*EXERCISE DETAILS:* From the first line to the last, copy the listing exactly and omit the images.

[STORED DATA — start]

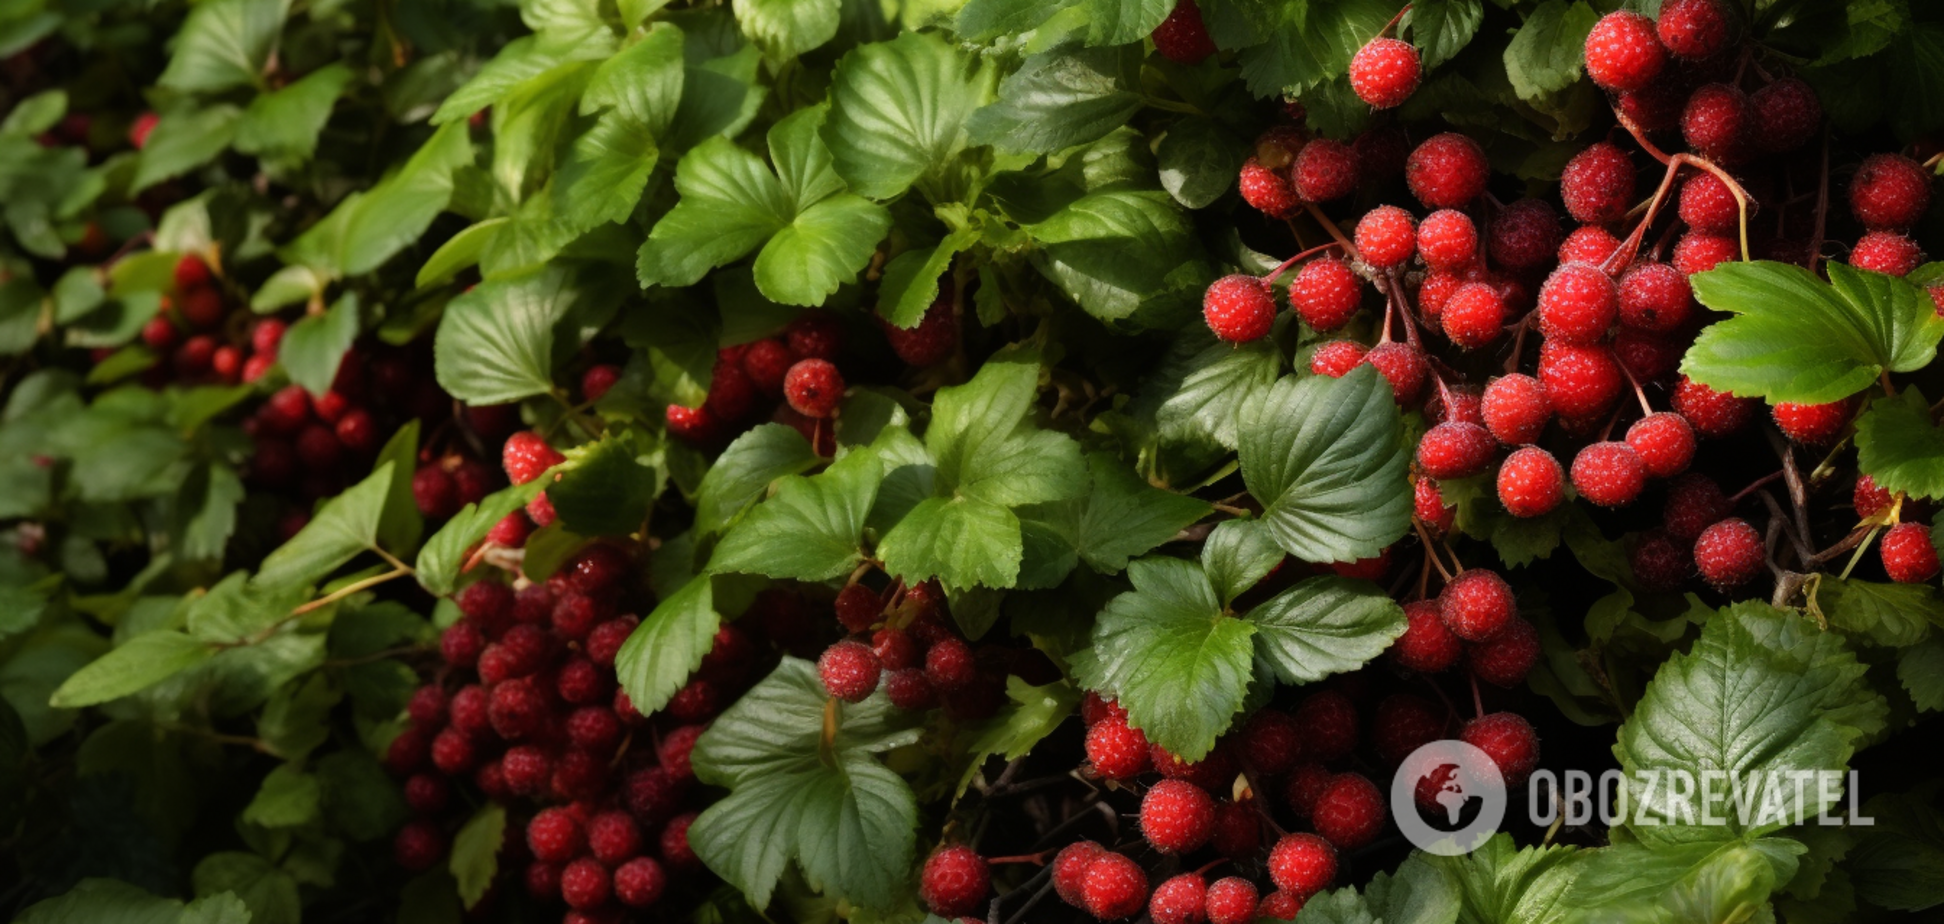 Уберите подальше от других растений: какие ягоды притягивают на огороде вредителей
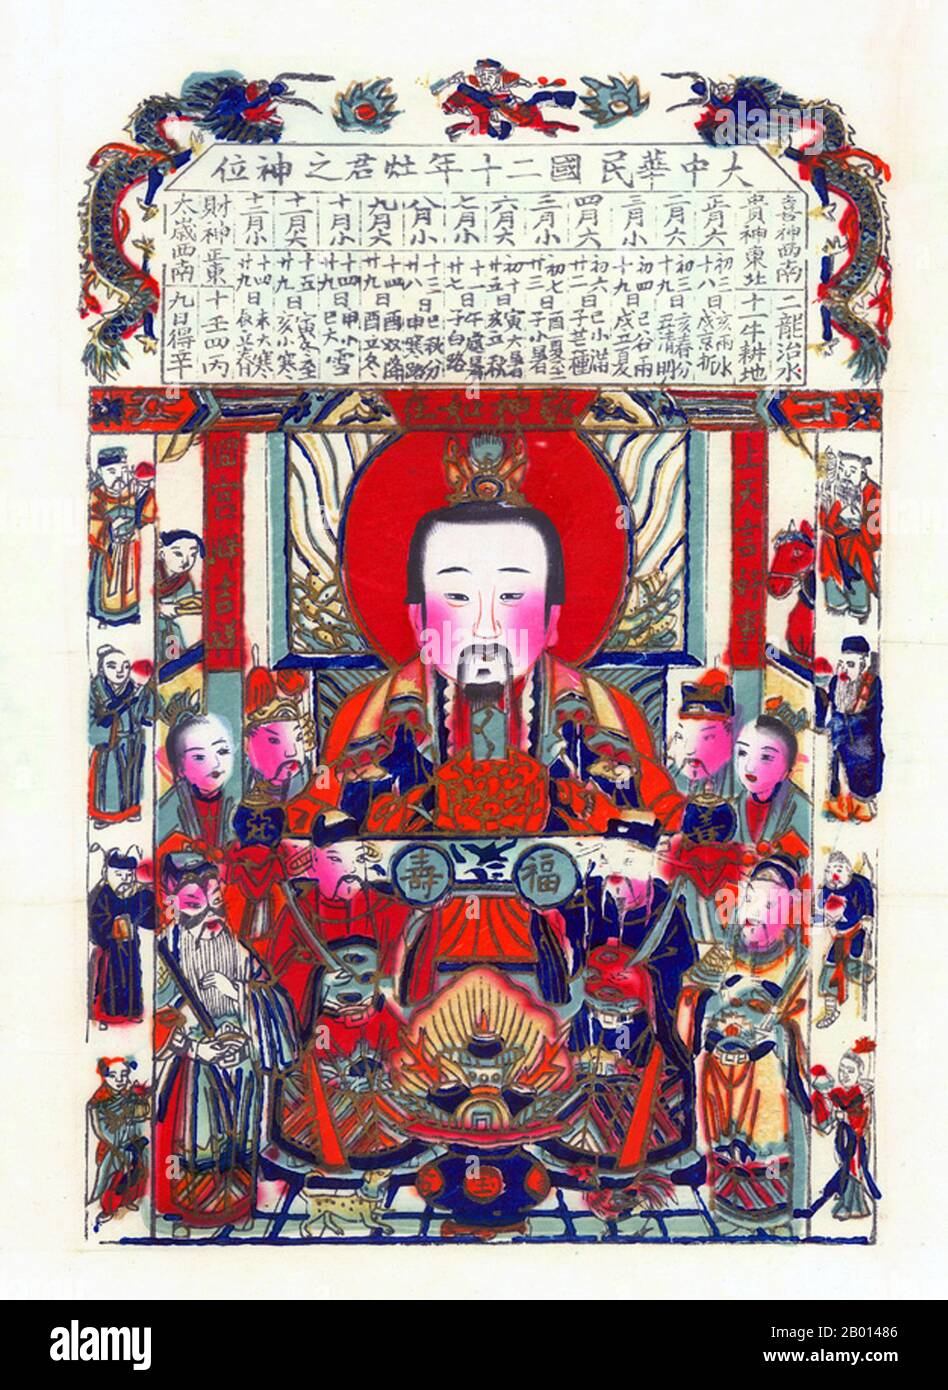 China: Der Küchengott Zao Jun ('Stove Master'), auch Zao Shen genannt ('Stove god' oder 'Stove Spirit'). Holzstich, c.. 1930-1939. In der chinesischen Volksreligion und Mythologie ist der Küchengott Zao Jun der wichtigste einer Fülle von chinesischen Hausgöttern, die den Herd und die Familie schützen. Es wird angenommen, dass er am 23. Tag des 12. Mondmonats, kurz vor dem chinesischen Neujahr, in den Himmel zurückkehrt, um dem Jade-Kaiser die Aktivitäten jedes Haushalts im vergangenen Jahr zu berichten. Der Jade-Kaiser, Meister des Himmels, belohnt oder bestraft eine Familie auf der Grundlage dieses Berichts. Stockfoto
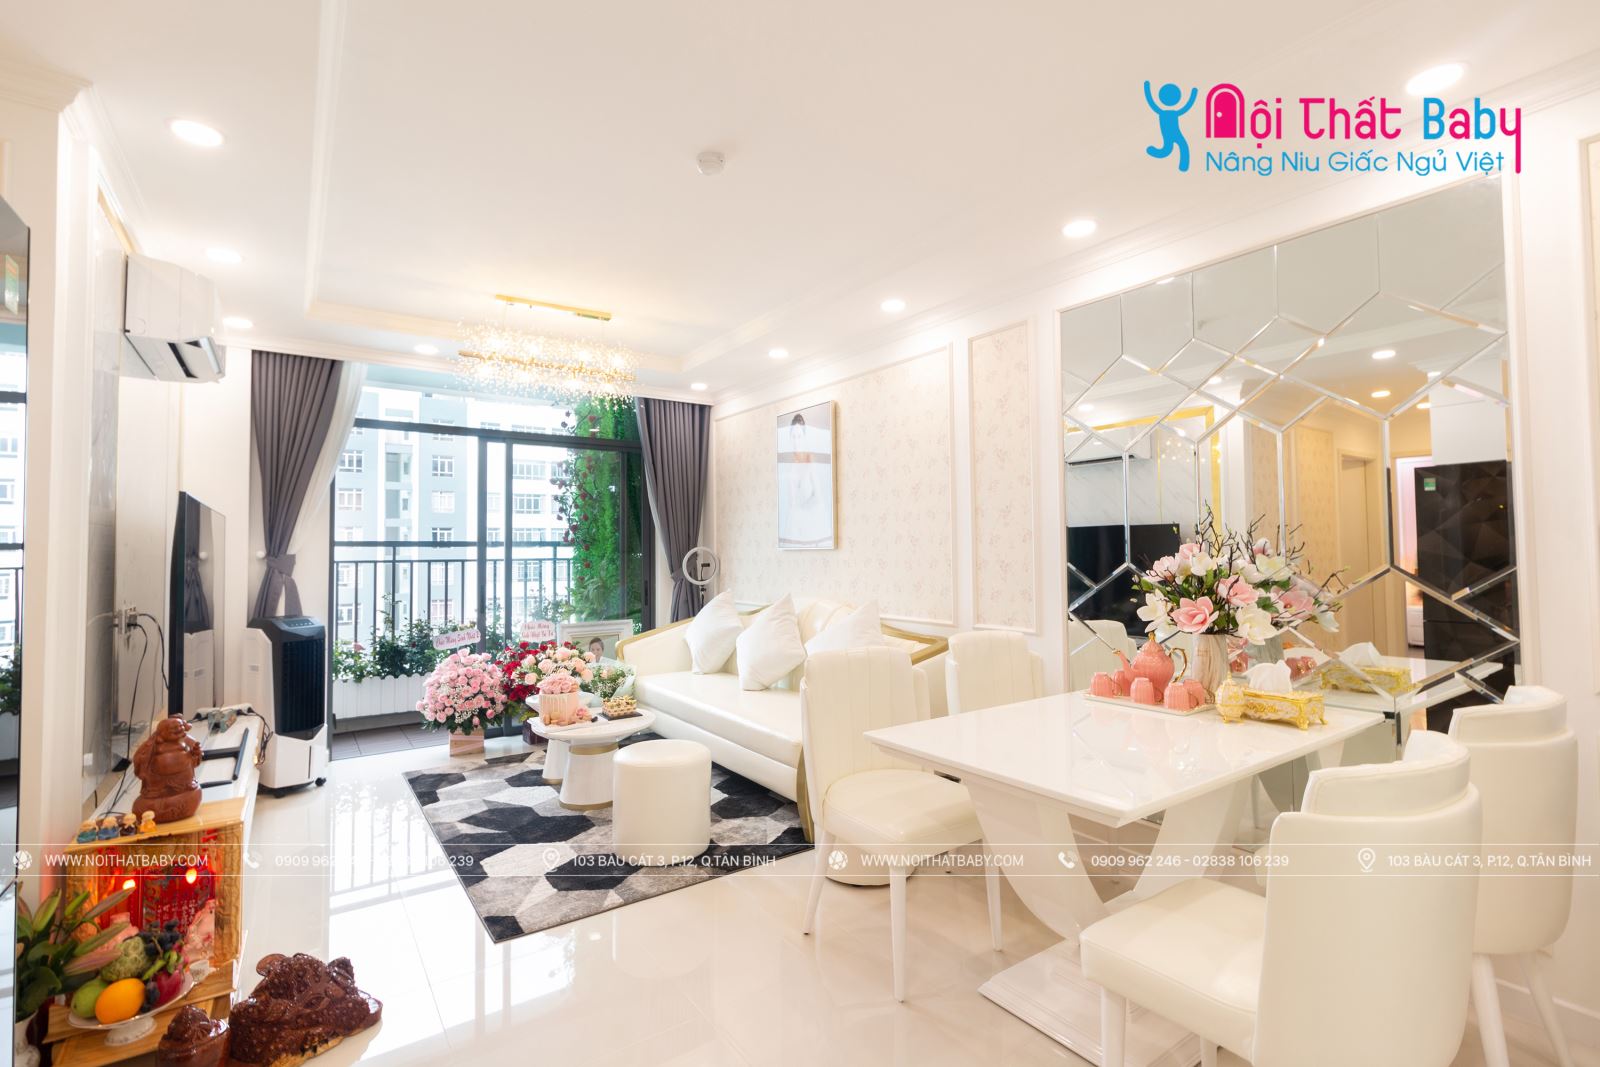 Hình ảnh hoàn thiện thi công nội thất nguyên căn nhà chị Tuyết tại Central Premium Quận 8

[STORED DATA — finish]

*REPLY TO THE TASK:*
 Уберите подальше от других растений: какие ягоды притягивают на огороде вредителей
 China: Der Küchengott Zao Jun ('Stove Master'), auch Zao Shen genannt ('Stove god' oder 'Stove Spirit'). Holzstich, c.. 1930-1939. In der chinesischen Volksreligion und Mythologie ist der Küchengott Zao Jun der wichtigste einer Fülle von chinesischen Hausgöttern, die den Herd und die Familie schützen. Es wird angenommen, dass er am 23. Tag des 12. Mondmonats, kurz vor dem chinesischen Neujahr, in den Himmel zurückkehrt, um dem Jade-Kaiser die Aktivitäten jedes Haushalts im vergangenen Jahr zu berichten. Der Jade-Kaiser, Meister des Himmels, belohnt oder bestraft eine Familie auf der Grundlage dieses Berichts. Stockfoto
 Hình ảnh hoàn thiện thi công nội thất nguyên căn nhà chị Tuyết tại Central Premium Quận 8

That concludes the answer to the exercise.